[Items from a dataset]
● ● ● ●

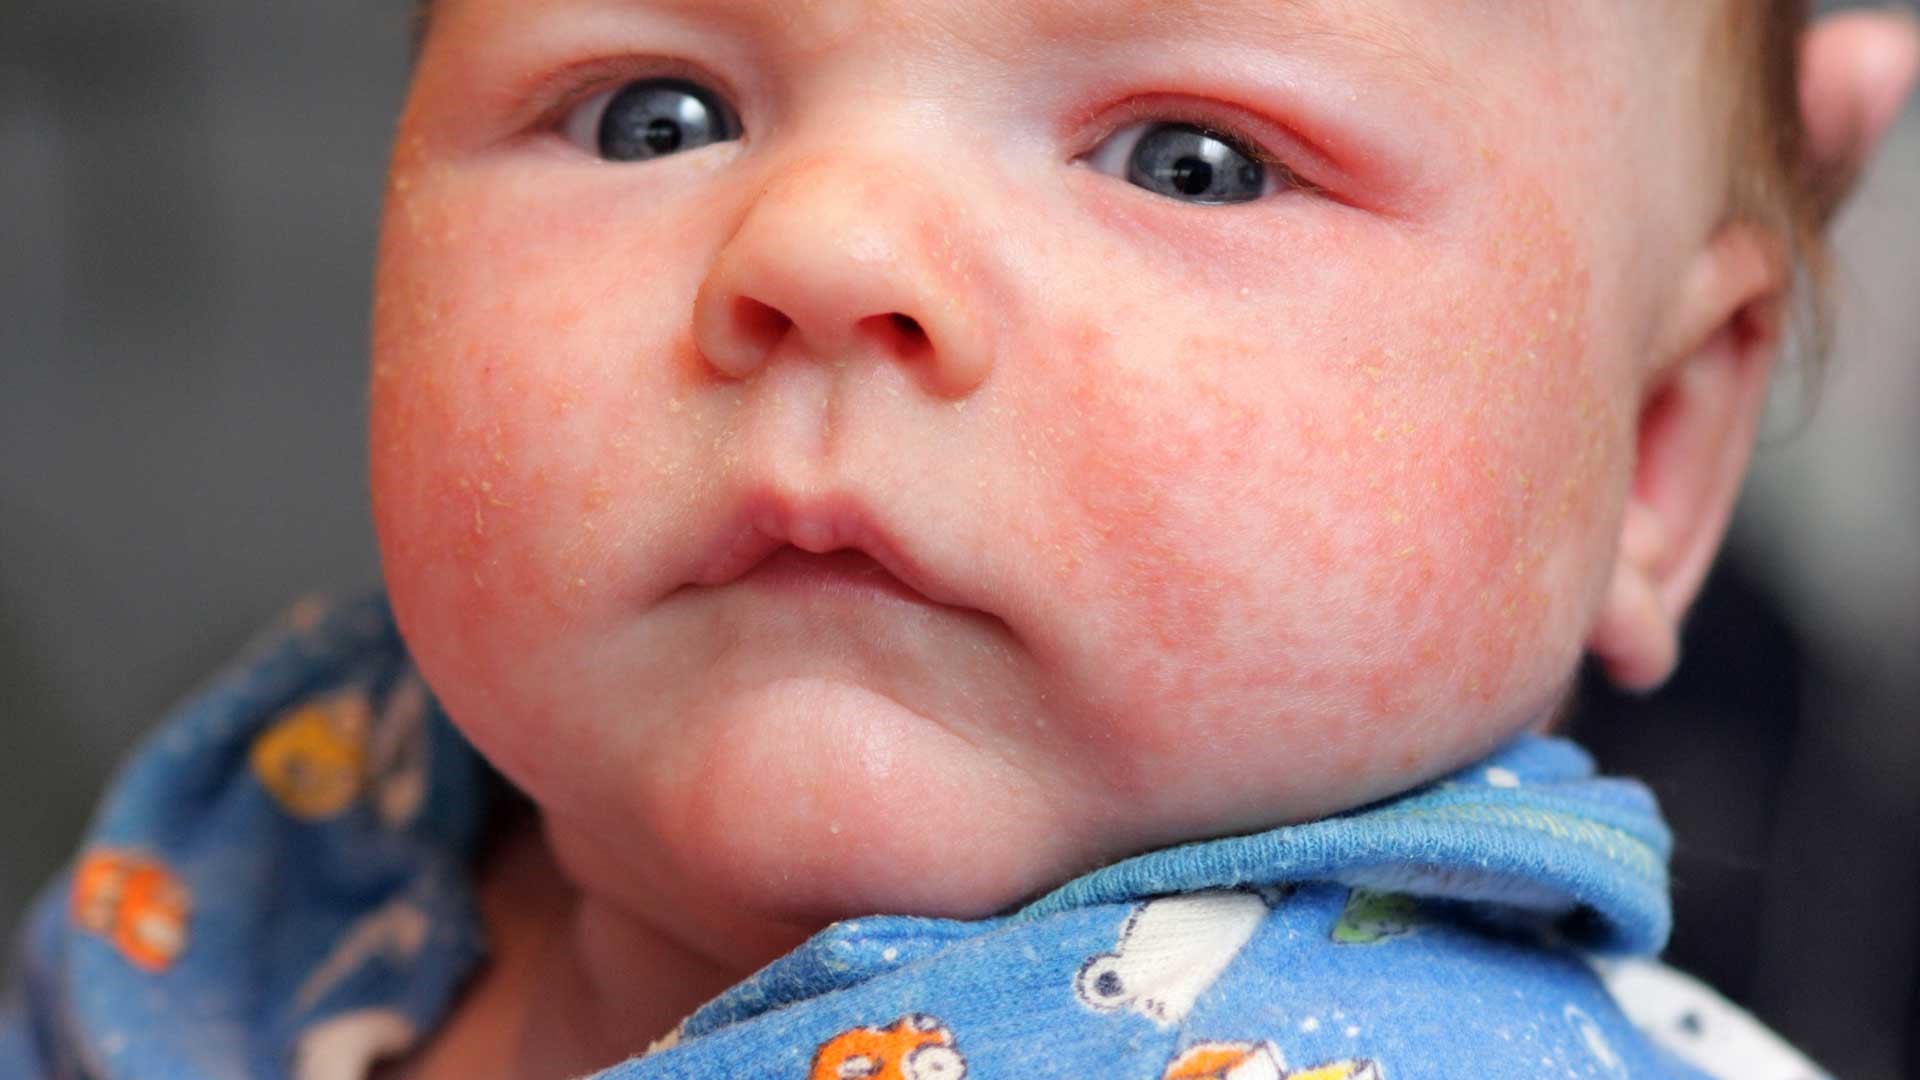 потничка у новорожденных фото на лице
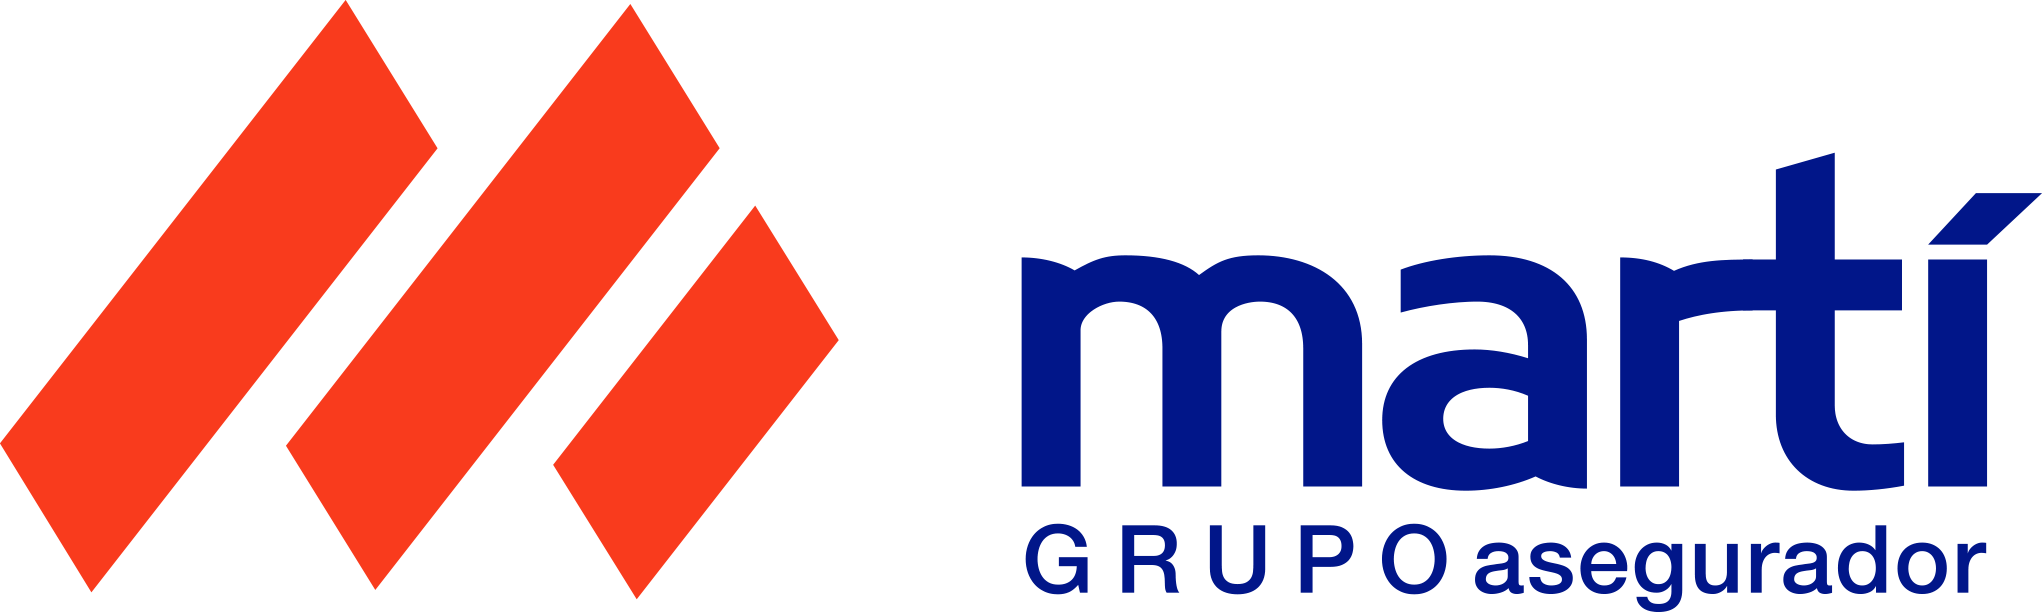 nuevo logotipo Grupo Martí
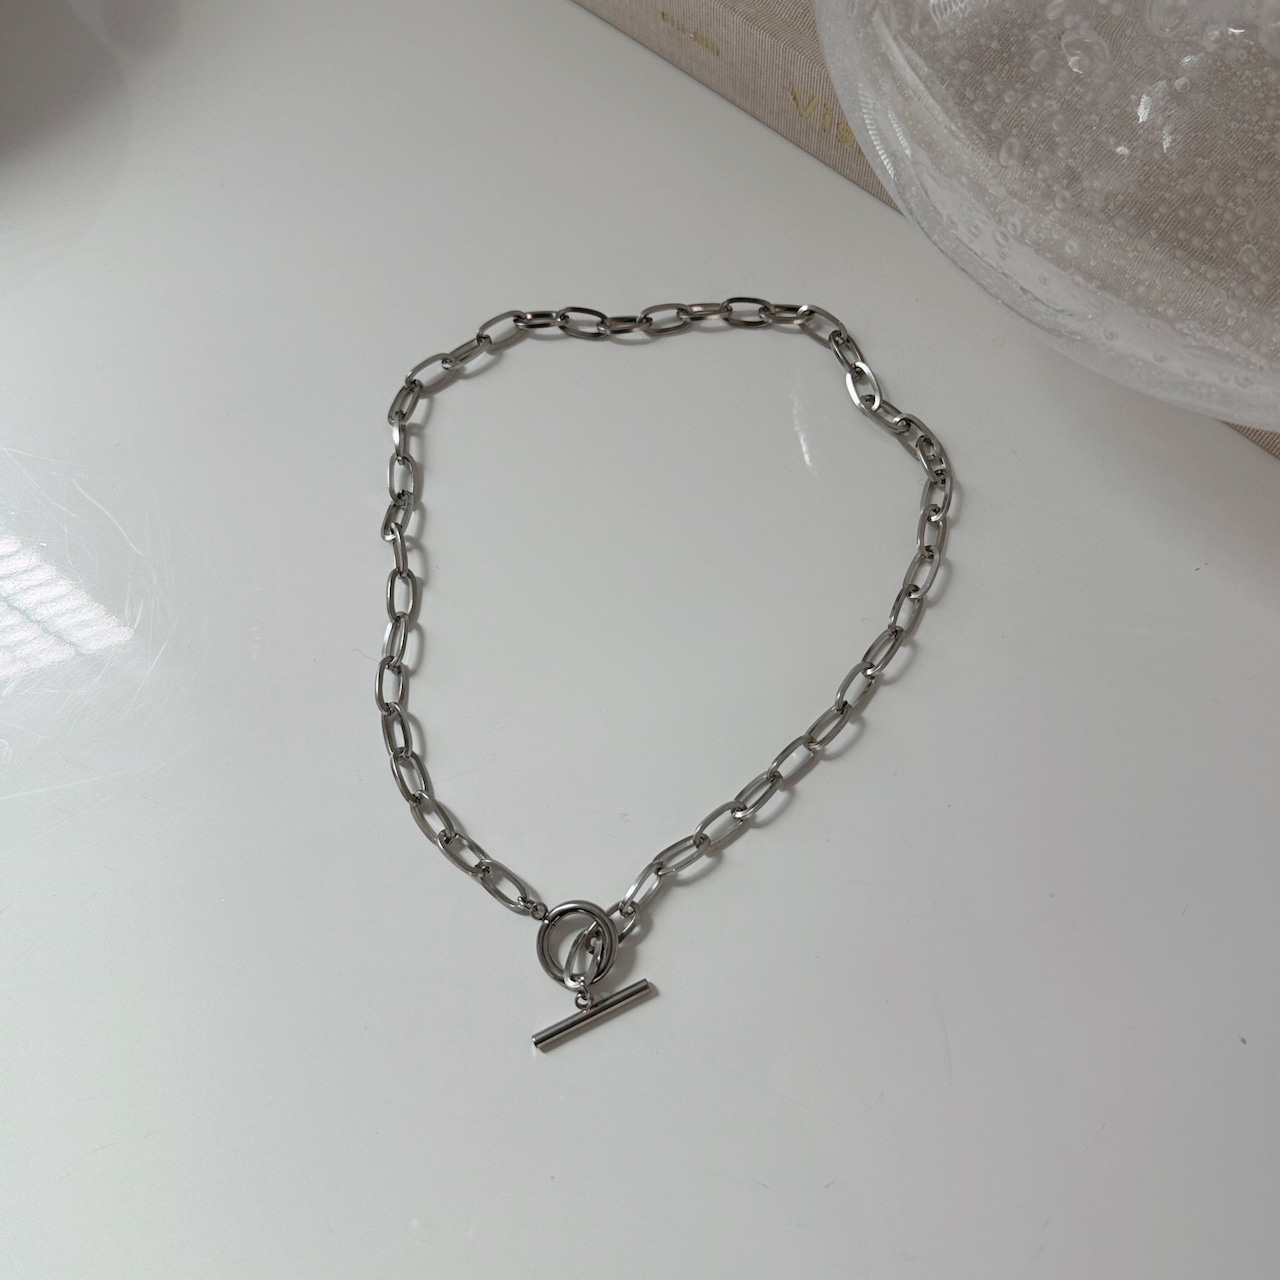 chain design necklace/silver
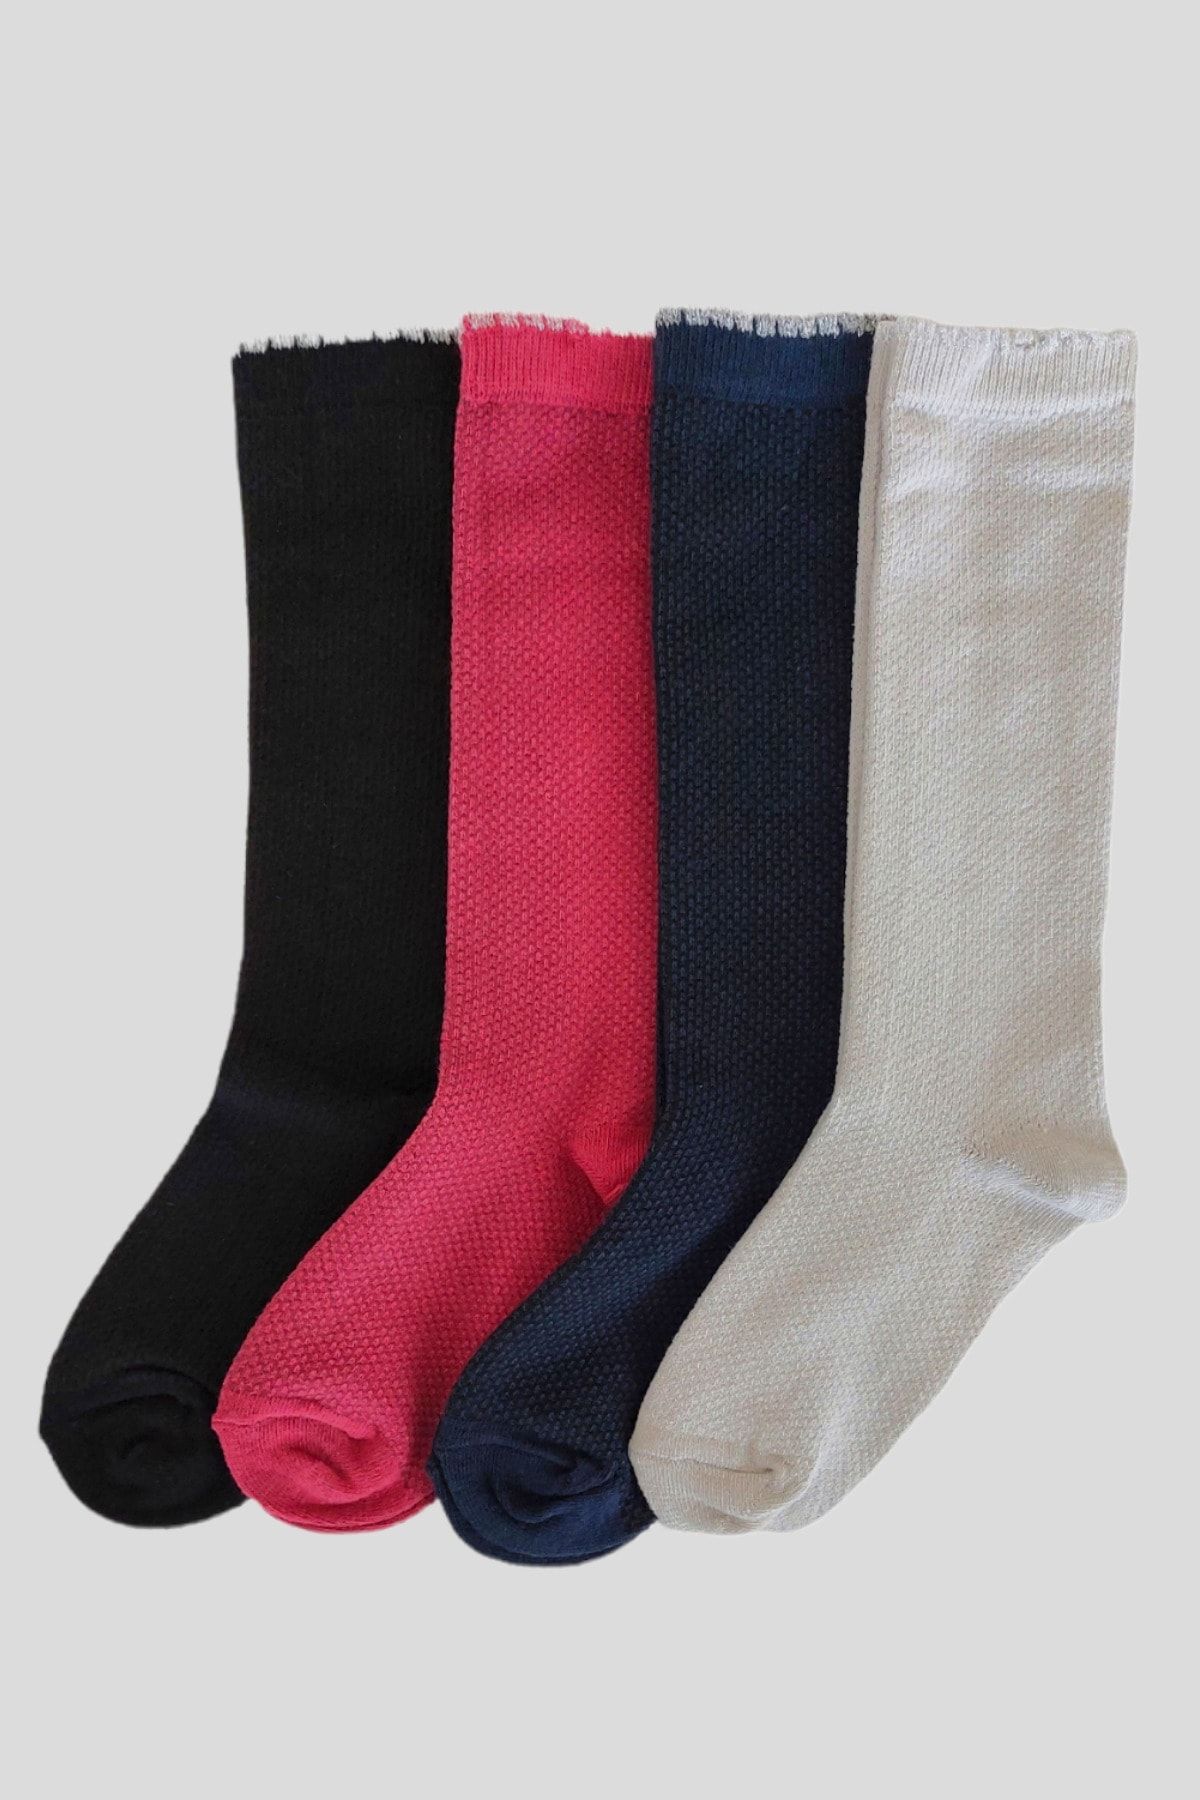 Ollero Çocuk Diz Altı Çorap 4 Çift Siyah Bordo Lacivert Taş
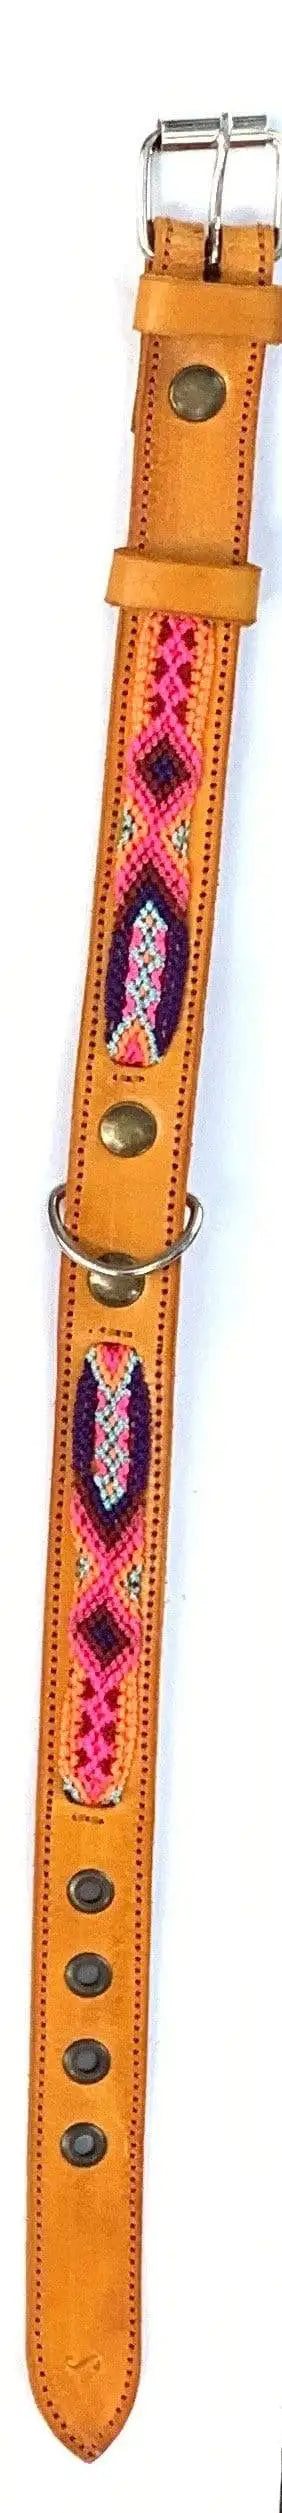 Double Detail Artisanal Handmade Dog Collars - 10

● ● ● ●

What is expected: Without the pictures, give the entries above back exactly.

Solution for this task:
 потничка у новорожденных фото на лице
 nuevo logotipo Grupo Martí
 chain design necklace/silver
 Ollero Çocuk Diz Altı Çorap 4 Çift Siyah Bordo Lacivert Taş
 Double Detail Artisanal Handmade Dog Collars - 10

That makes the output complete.